Auburn railway station opened on 5 July 1918 with the opening of the railway line between Riverton and Clare (later extended to Spalding on 9 January 1922). The station consisted of a railway yard, a goods shed and a station building.

The station closed to regular passengers on 24 May 1954, with the service being replaced by a co-ordinated road-bus service serving Jamestown and the towns along the Spalding railway line, to connect with trains at Riverton.

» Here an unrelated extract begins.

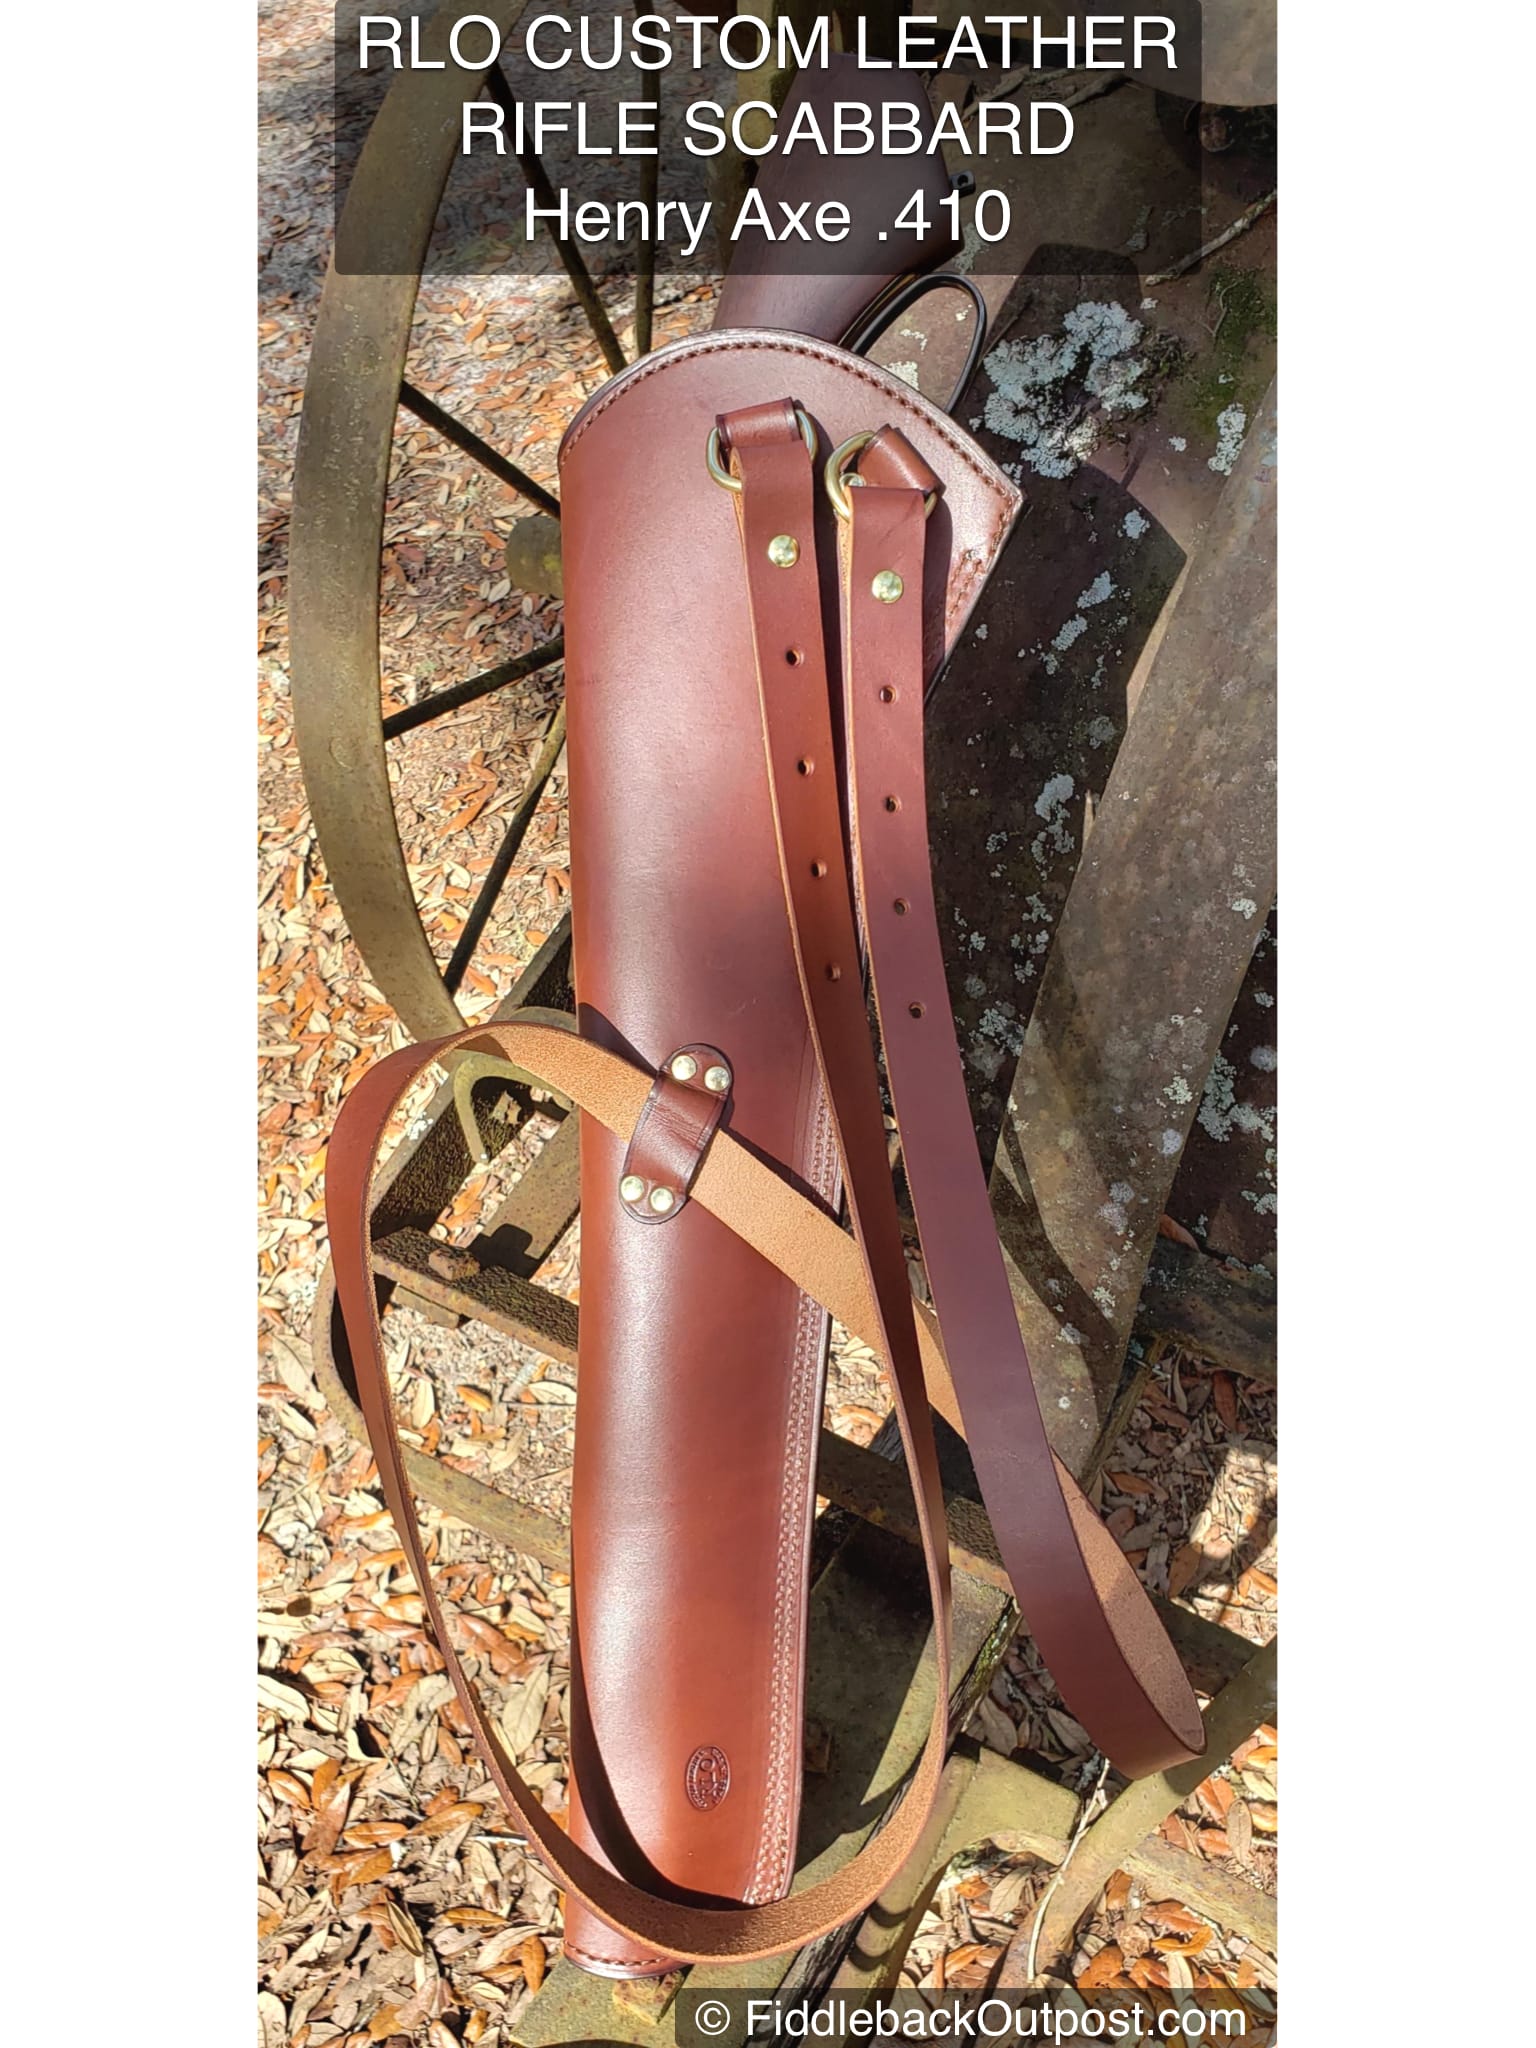 Rifle scabbard for lever action rifle marlin lever action accessories  motorcycle

In July 1978, the station and the line's associated infrastructure was transferred from South Australian Railways to Australian National. Rail services through Auburn ceased in February 1983 as a result of track damage between the towns of Sevenhill and Penwortham, which caused the demise of the railway. The line was formally closed on 17 April 1984.

==Restoration==
After the closure of the line between Riverton and Spalding, for many years, the station fell into a state of disrepair. In April 1998, the station was restored as the Mount Horrocks Wines cellar door venue following substantial renovation. In 2000, vineyards were planted at the station. In 2010, the 19 km section from Riverton through Rhynie to Auburn was subsequently redeveloped as the Rattler Rail Trail and opened in 2010. The original 33 km section from Auburn through the Clare Valley to Clare and beyond was extended northwards to the former Barinia siding, and was opened in November 2009.